[Given data]
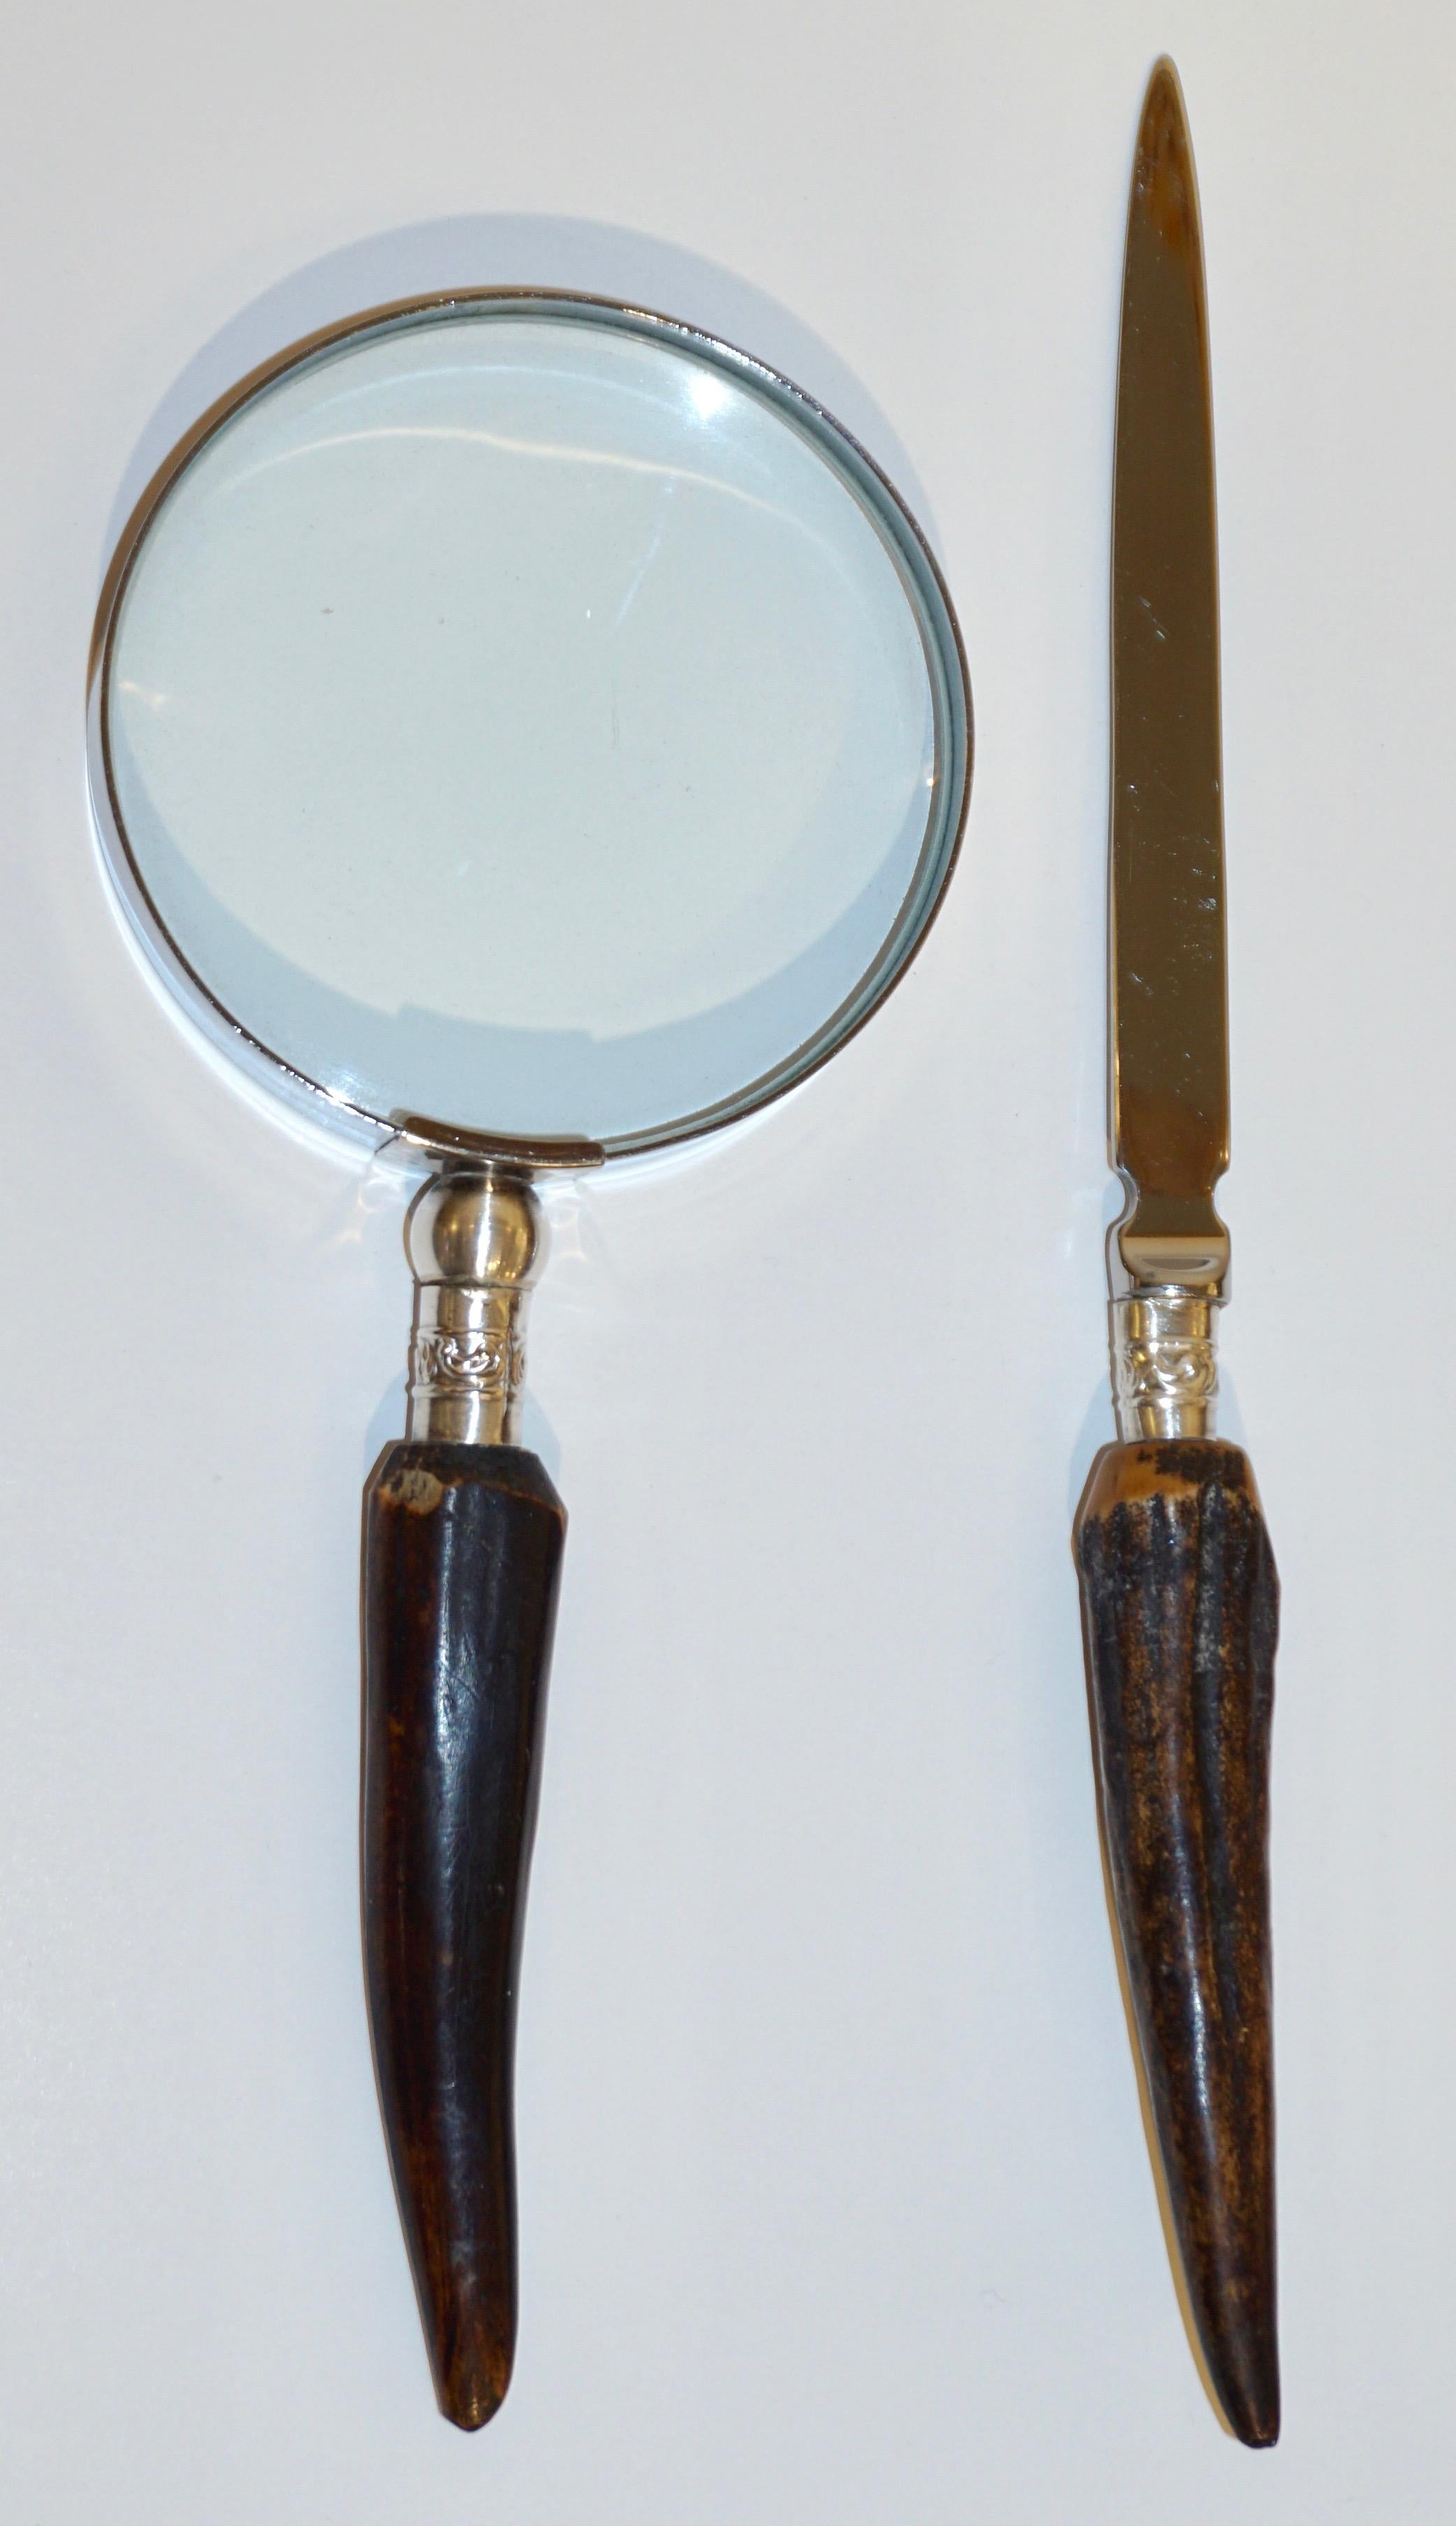 A vintage Mid-Century Modern set composed of a magnifying glass and a letter opener with antler handles mounted with a hand-crafted sterling silver decor supporting the stainless steel glass rim and blade.
Can be purchased individually:
magnifier
[/Given data]
• Work request: Now write out the data word for word, skipping every picture in it.

• Exercise response:
 A vintage Mid-Century Modern set composed of a magnifying glass and a letter opener with antler handles mounted with a hand-crafted sterling silver decor supporting the stainless steel glass rim and blade.
Can be purchased individually:
magnifier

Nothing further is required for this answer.